Find the first unique element in an array

tshurtz · ‎05-17-2024

I am looking for some better understanding of the memory and time implications of using different methods of the following.

It is less about this case in specific but more an interest in knowing what the code does in the background.

In this specific case I want to find the first unique point in a 1D array of x,y points, then rotate the array to make that the first element.

Bellow are a few ways I came up with doing that (the second array of points also needs to be shifted in the same way but doesn't effect the decision).

As a bit more context, I expect the arrays to be on the order of 100 to 10000 points long and 99.99% of the time the first entry will be unique and so no change is needed. There is next to 0 chance that you have to go even a significant way through the array but you can't be certain. It will also be called thousands of times with different arrays. the precise order of the points is not super important but the pairing to the 2nd array must be maintained (in other words if you somehow identified the first unique element and swapped it with the 0th element and did the same for the matching indexes in the array b that would be fine to). In the real code I plan to make it inline and would like to avoid any significant memory hit if possible.

A couple thoughts/questions. Does the rotate array take time or memory changes or does it just effect how the array is indexed downstream? Is it better to code in the while loop or the for loop when I suspect it will likely only run a single iteration. I assume the delete from array is a poor choice as it will create a copy of the array and have to copy it over (that being said I like that it just returns the index and you can use it however you want). Is there some other method that is significantly superior? I thought of some other methods (such as sort the array and then compare points before and after to make sure they are both different) but rejected them as I think they would be much more of a memory and time hit.

Any way, any insights or suggestions are welcome. Thanks.

altenbach · ‎05-17-2024

What's your definition of a "unique point"?

What should happen if there is no unique point?

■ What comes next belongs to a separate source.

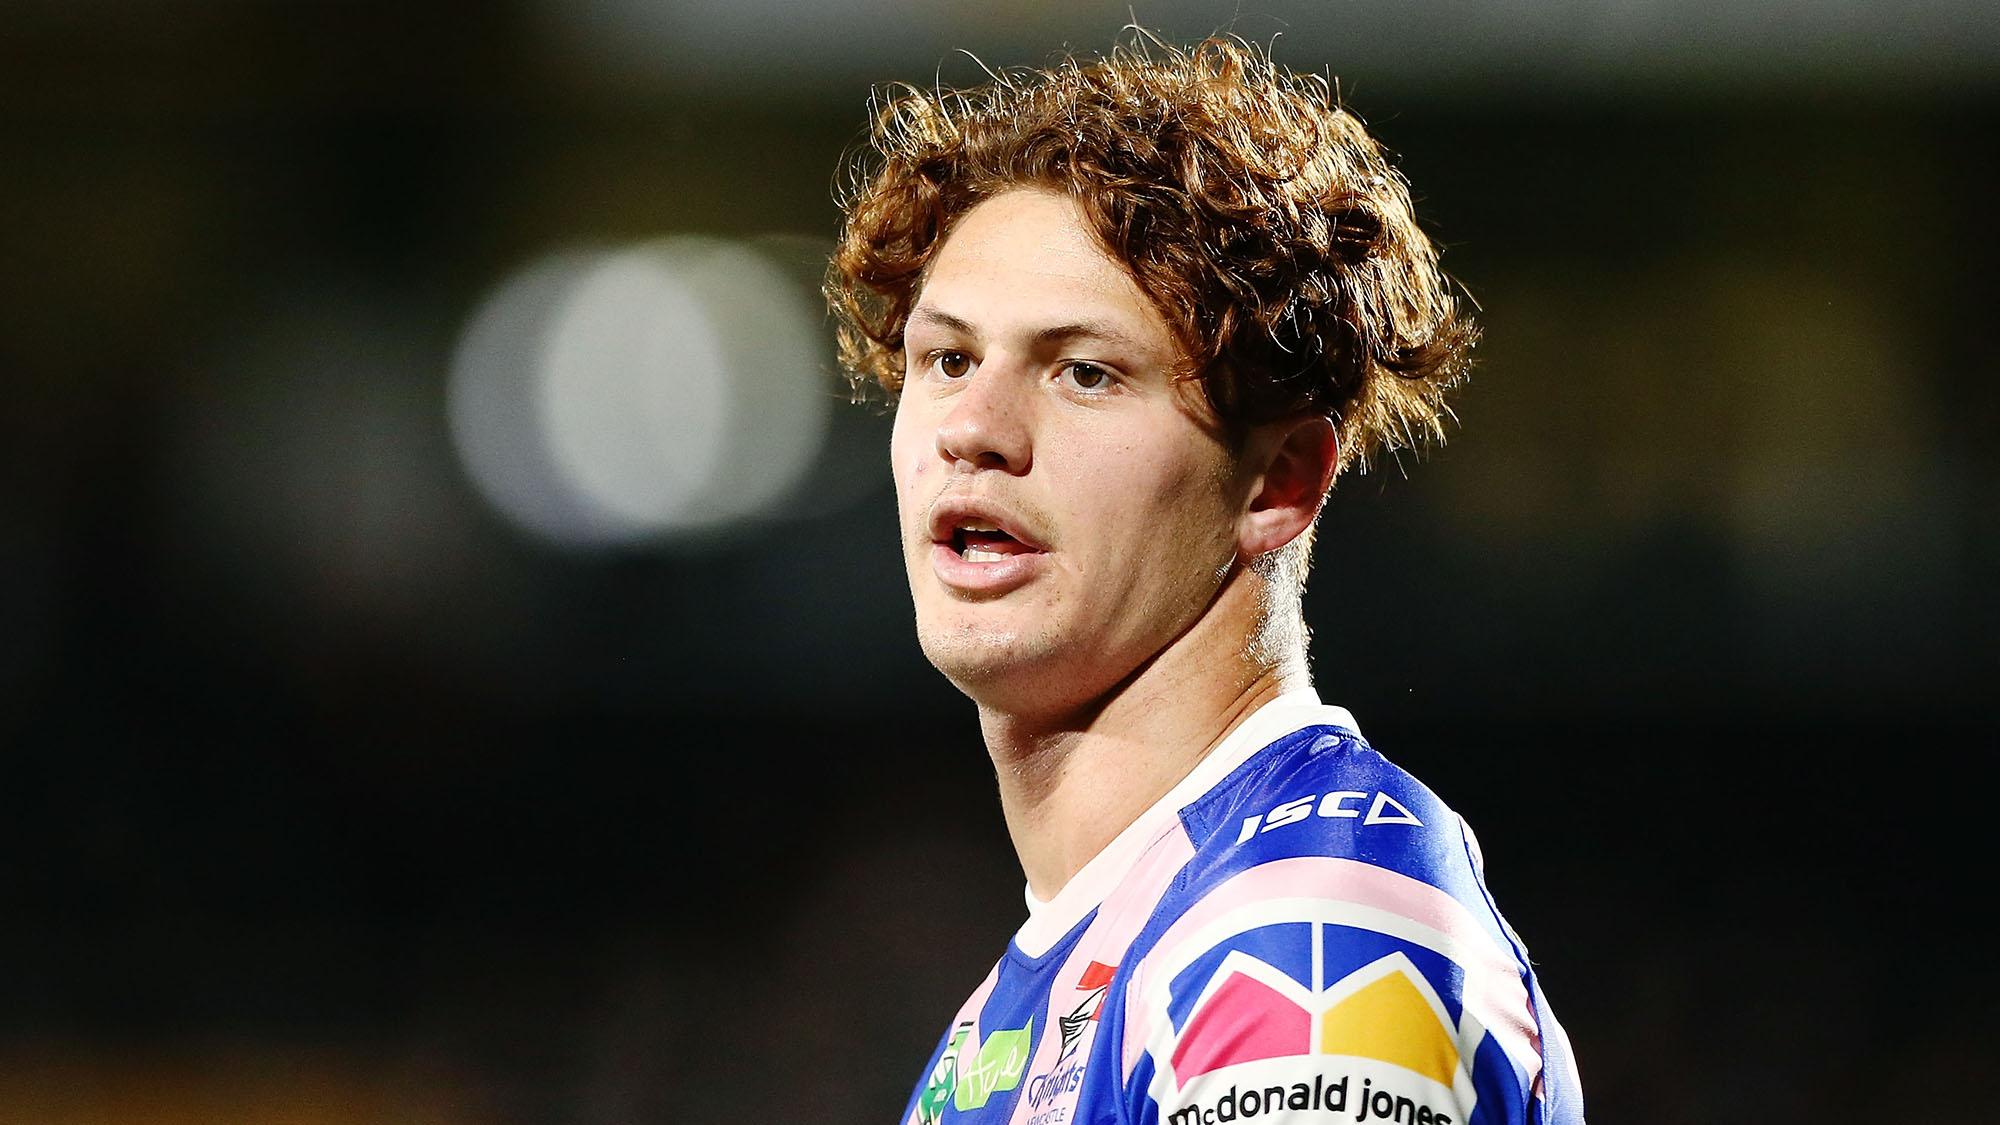 Kalyn Ponga capable of wearing No.6 Queensland jumper, says Darren Lockyer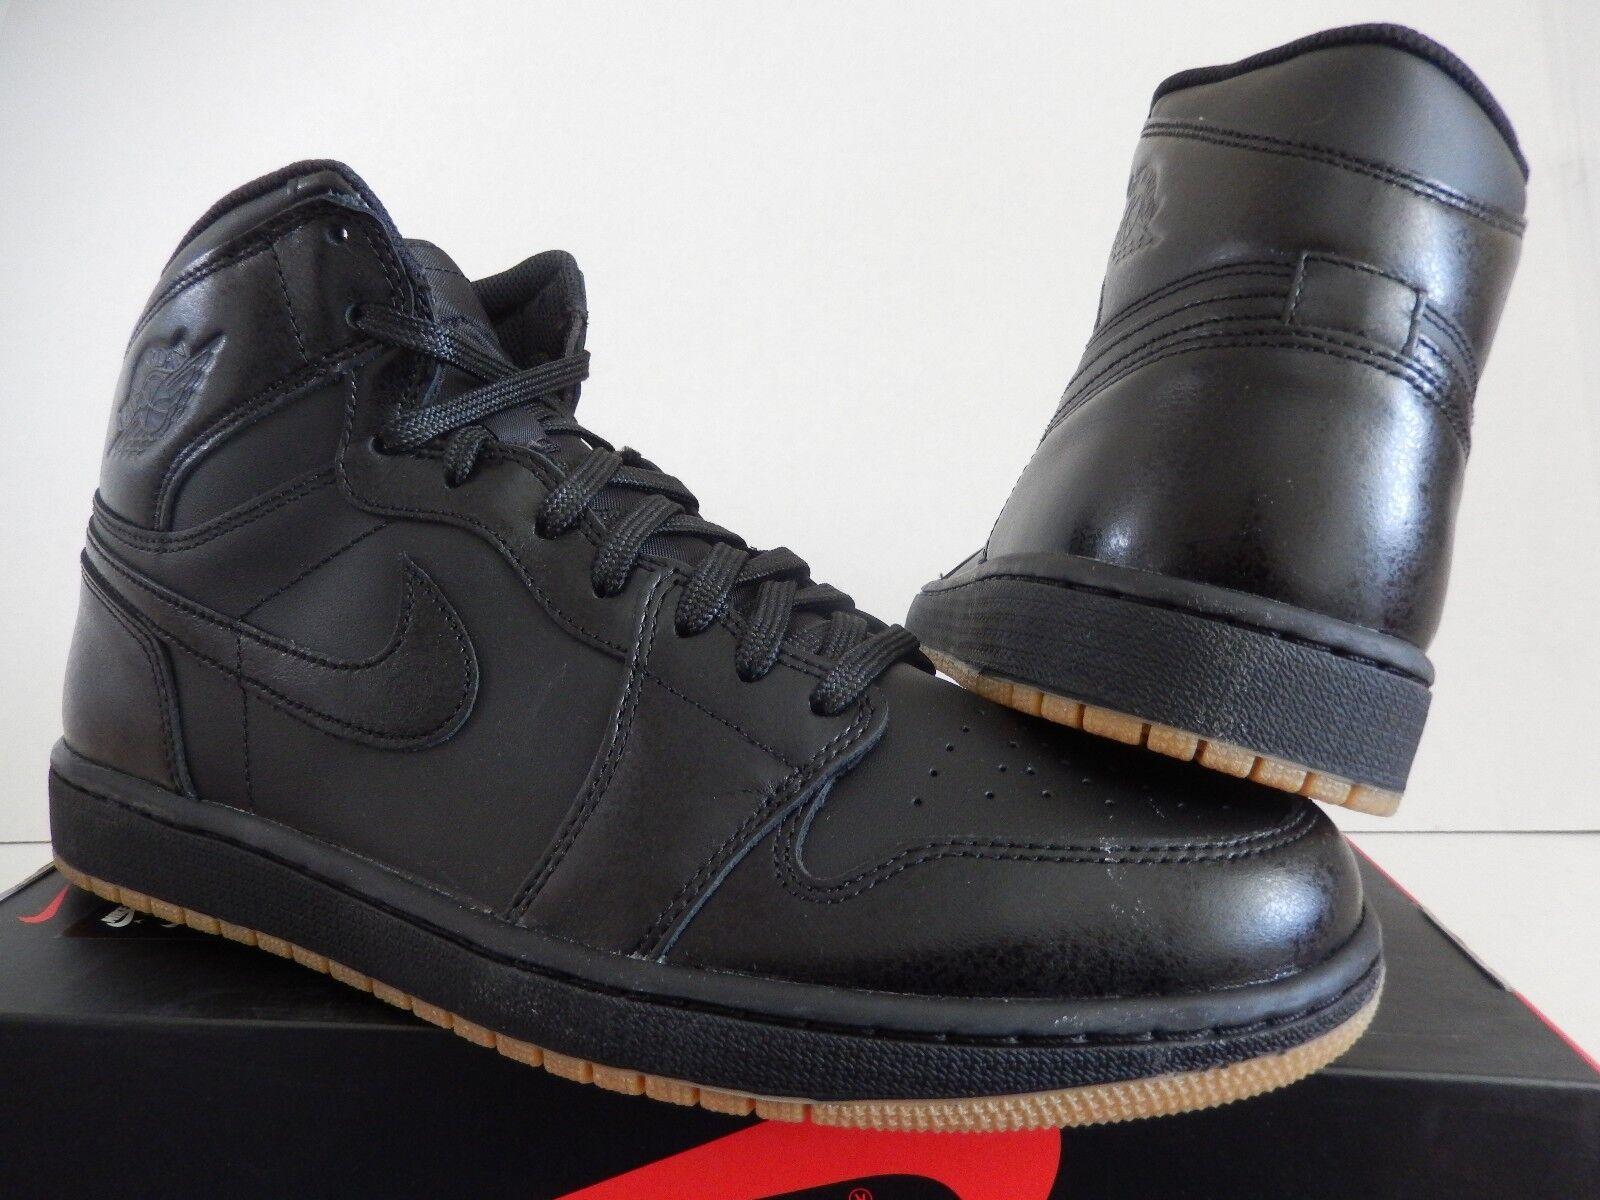 Nike air jordan 1 og 'alto og 1 nero-nero-gum castano sz 10 [555088-020] b08d58

What should happen if the array is empty?

Note that equal comparisons for DBL are tricky. Maybe a blue datatype is safer, depending in the use case.

It would probably help to have reasonable default values in the inputs so we have something to try.

Maybe it would be simpler to explain what you are trying to achieve in the big picture of things.

LabVIEW Champion.

tshurtz · ‎05-18-2024

What I mean by unique point is that it is the only element (cluster of two singles) with that exact value. It is possible that the first point could have a duplication somewhere else in the array.

So for inputs you can just use pairs of randomly generated singles. It would be highly unlikely that this would result in a duplicate value, especially at the first element, so if you want to test the case that would have that you could just append the first value to the end.

I didn't want to include 40000 values as an example and the real points are a bit more structured but that shouldn't matter significanly.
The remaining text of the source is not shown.